Officer Braeuner argues that he arrested only Bernice, and not Raymond. Although there may be factual issues as to whether Officer Braeuner's assistance in handcuffing Raymond was sufficient to constitute an act of confinement, this Court need not address that issue because Officer Brauner had probable cause to act in both arrests.
Without any factual allegations suggesting that Officer Braeuner could have known of the prior alleged constitutional violations and torts, he was "entitled—indeed obliged—to assess for himself the risks presented from the totality of the circumstances in attempting to accommodate the interests of all concerned." Zalaski v. City of Hartford, 723 F.3d 382, 394 (2d Cir. 2013) (noting that "nothing in probable cause jurisprudence requir[es an] officer to accept suspect's assertion of innocence at face value"). Accordingly, Officer Braeuner's motion to for summary judgment on the false arrest and false imprisonment claims is granted and those claims are dismissed.
However, this Court is not persuaded by Officer Braeuner's argument that the finding of guilt by the Town of Aurora Court demonstrates that probable cause existed for Raymond and Brian's arrests. That conviction was reversed on appeal, and "a judgment that has been reversed, with instructions that the matter be dismissed, is null and void." Weyant, 101 F.3d at 854 (finding that district court erred in relying on reversed conviction as evidence of probable cause). Further, having dismissed all federal claims against Officer Braeuner, this Court does not address his qualified immunity argument.
Malicious Prosecution, Conspiracy, and Equal Protection
Finally, Officer Brauener moves for summary judgment as to of Plaintiffs claims for malicious prosecution, conspiracy, and violations of equal protection under § 1983. Plaintiffs do not oppose the motion.
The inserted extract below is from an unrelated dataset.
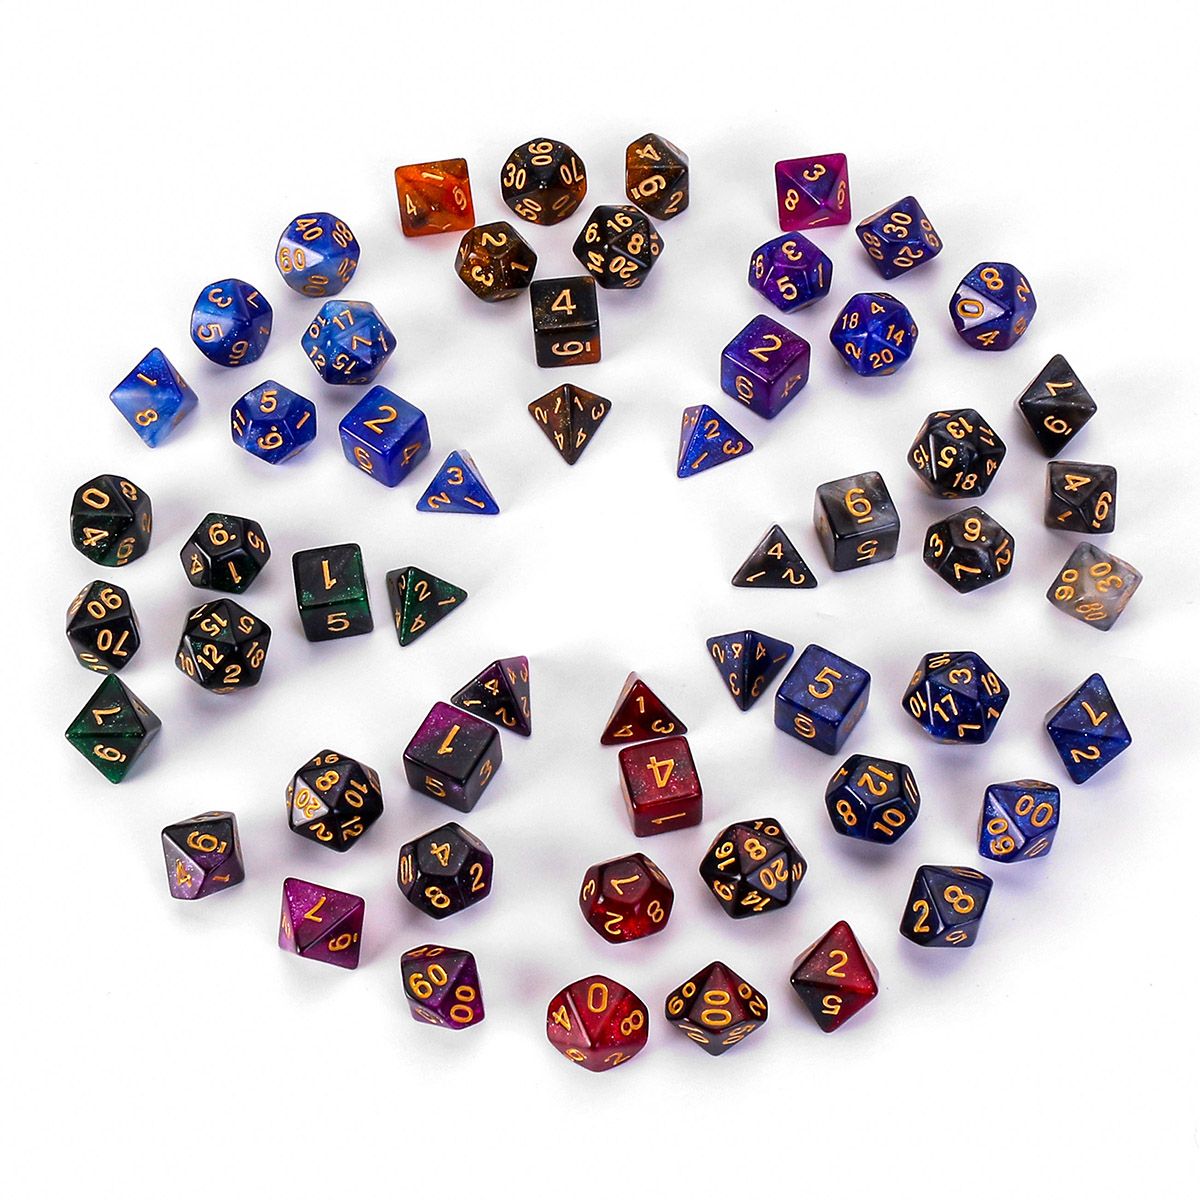 7Pcs-Galaxy-Polyhedral-Dices-For-Dungeons-Dragons-Games-D20-D12-D10-D8-D6-D4-Bag-1633182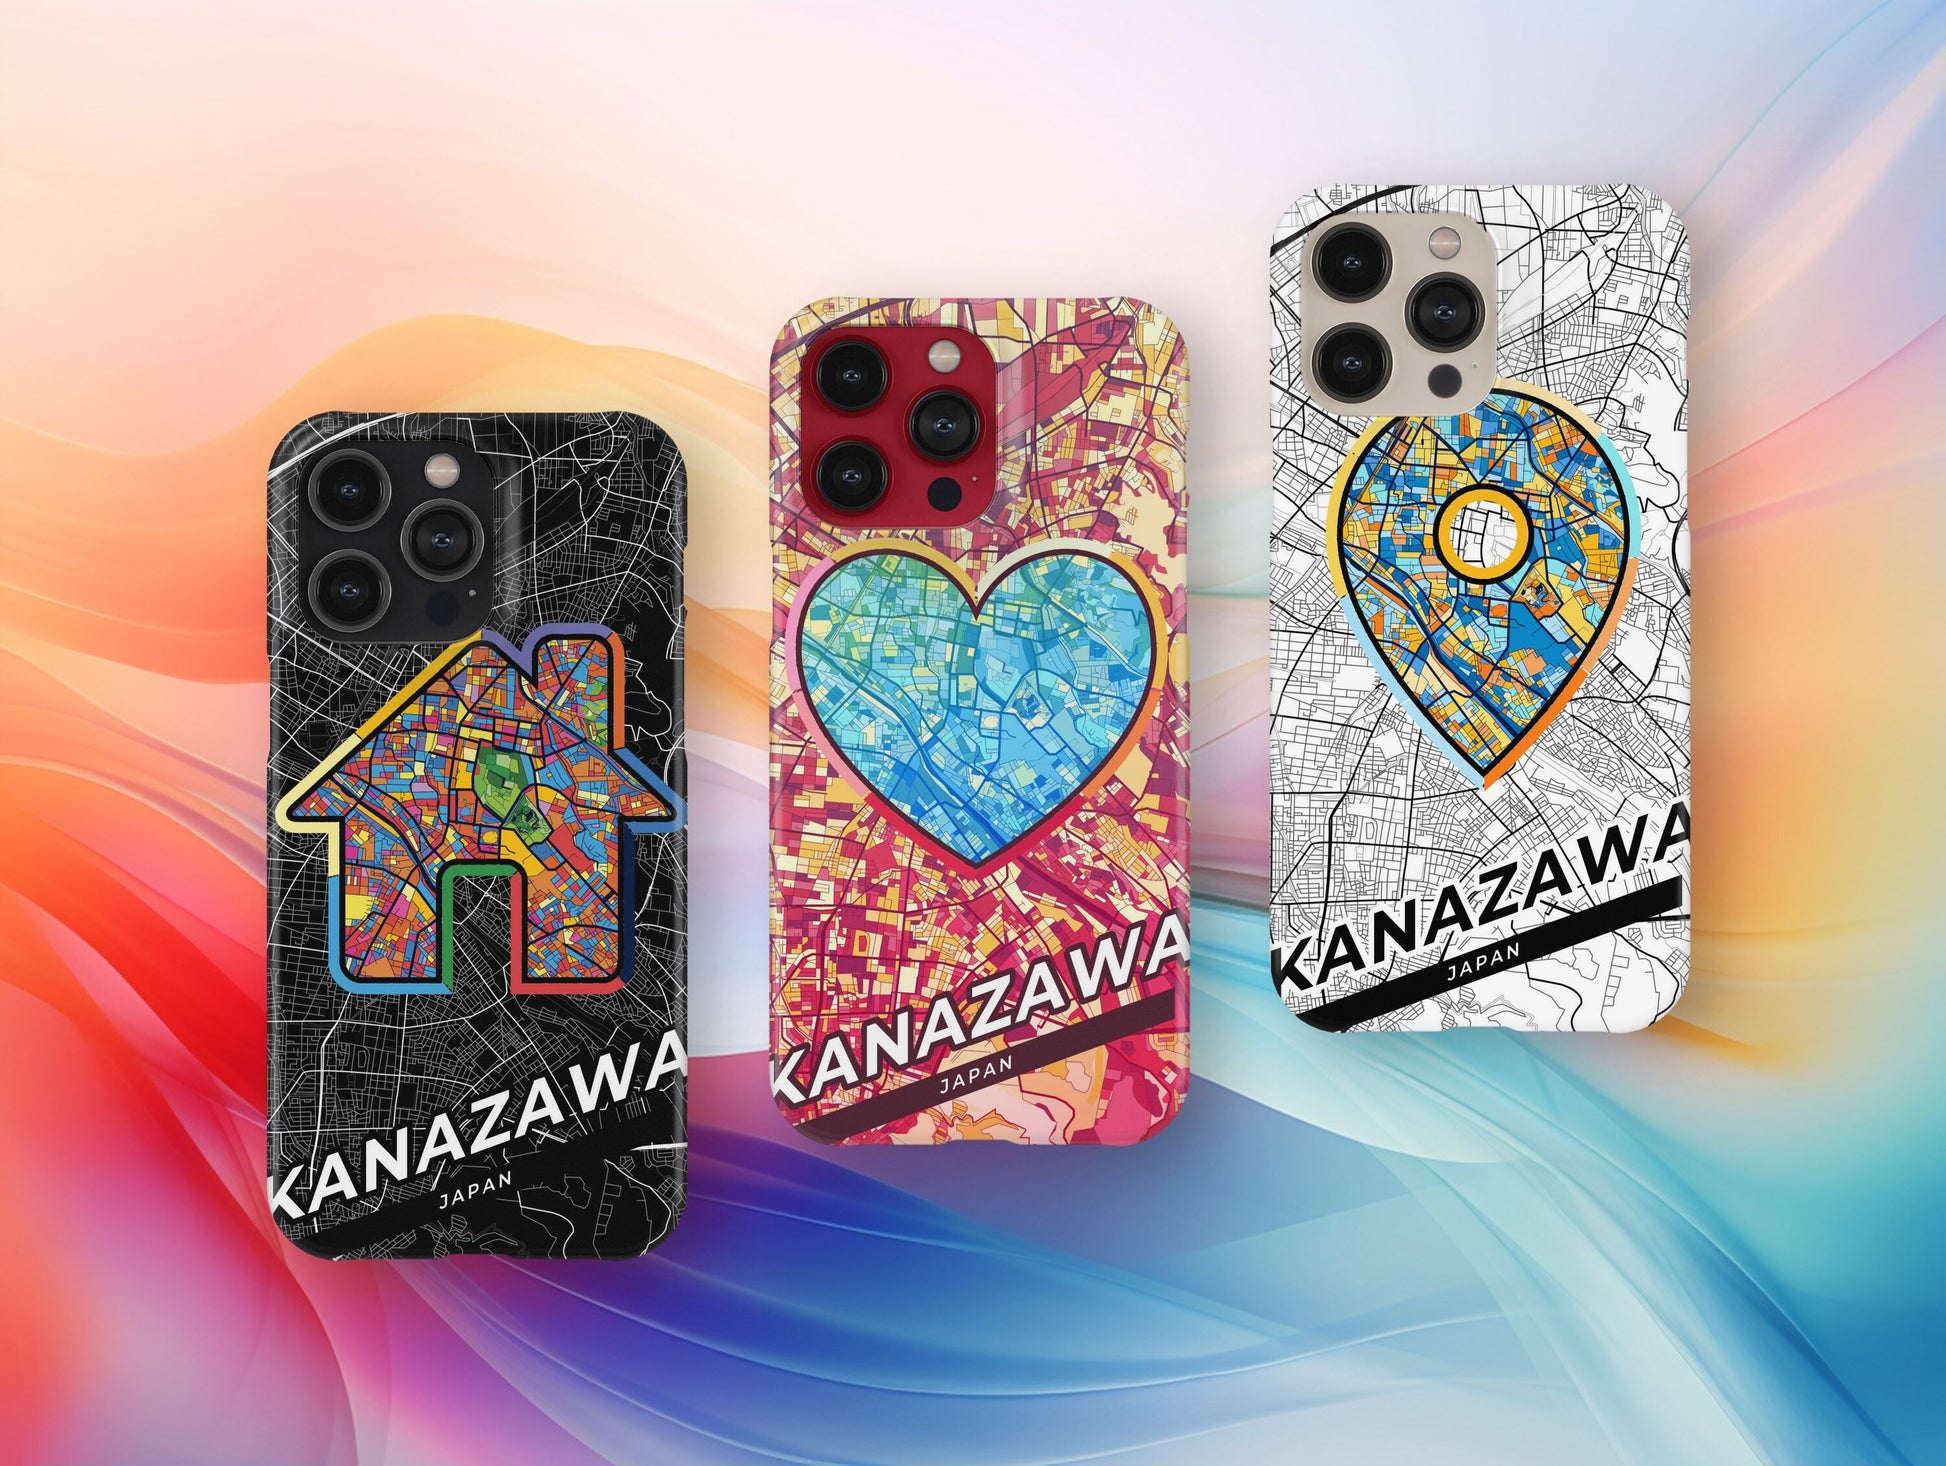 Kanazawa Japan slim phone case with colorful icon. Birthday, wedding or housewarming gift. Couple match cases.

Officer Braeuner argues that the malicious prosecution claim should be dismissed because Plaintiffs have not alleged actual malice, see Droz v. McCadden, 580 F.3d 106, 109 (2d Cir. 2009) (to succeed on a malicious prosecution claim under § 1983, a plaintiff must show that (1) the defendant commenced or continued a criminal proceeding against him; (2) the proceeding was terminated in the plaintiff's favor; (3) there was no probable cause for the proceeding; and (4) the proceeding was instituted with malice), that the conspiracy claim should be dismissed because Plaintiffs have not alleged that he was involved in any plan with the Sheriff's Deputies, see Pangburn v. Culbertson, 200 F.3d 65, 72 (2d Cir. 1999) (conspiracy claim under § 1983 requires evidence that "(1) an agreement between two or more state actors or between a state actor and a private entity; (2) to act in concert to inflict an unconstitutional injury; and (3) an overt act done in furtherance of that goal causing damages"), and that the equal protection claim should be dismissed because Plaintiffs have failed to allege that they were treated differently than others who were similarly situated. See Harlen Assocs. v. Inc. Vill. of Mineola, 273 F.3d 494, 499 (2d Cir. 2001). Accordingly, the motion is granted, and all federal claims against Officer Braeuner are dismissed.
C. State Claims
Plaintiffs bring seven claims under New York state law: 1) false arrest; 2) false imprisonment; 3) assault; 4) battery; 5) intentional infliction of emotional distress; 6) negligent hiring and retention; 7) negligent training and supervision. Defendants have moved for summary judgment dismissing the claims against them.
Plaintiffs have moved for summary judgment as to the state-law claim of trespass, which was not listed together with the other causes of action in the Complaint. This Court addresses that claim below.
1. Statute of Limitations
Defendants move for dismissal Plaintiffs' state-law claims on the grounds that they are time-barred. Federal courts apply state statutes of limitations to state-law claims, see Vincent v. Money Store, 915 F. Supp. 2d 553, 560-61 (S.D.N.Y. 2013) (stating that it makes no difference if the state-law claims are presented in federal court based on diversity jurisdiction or supplemental jurisdiction), and apply state notice of claim statutes to state-law claims as well. See Reyes v. City of New York, 992 F. Supp. 2d 290, 300 (S.D.N.Y. 2014).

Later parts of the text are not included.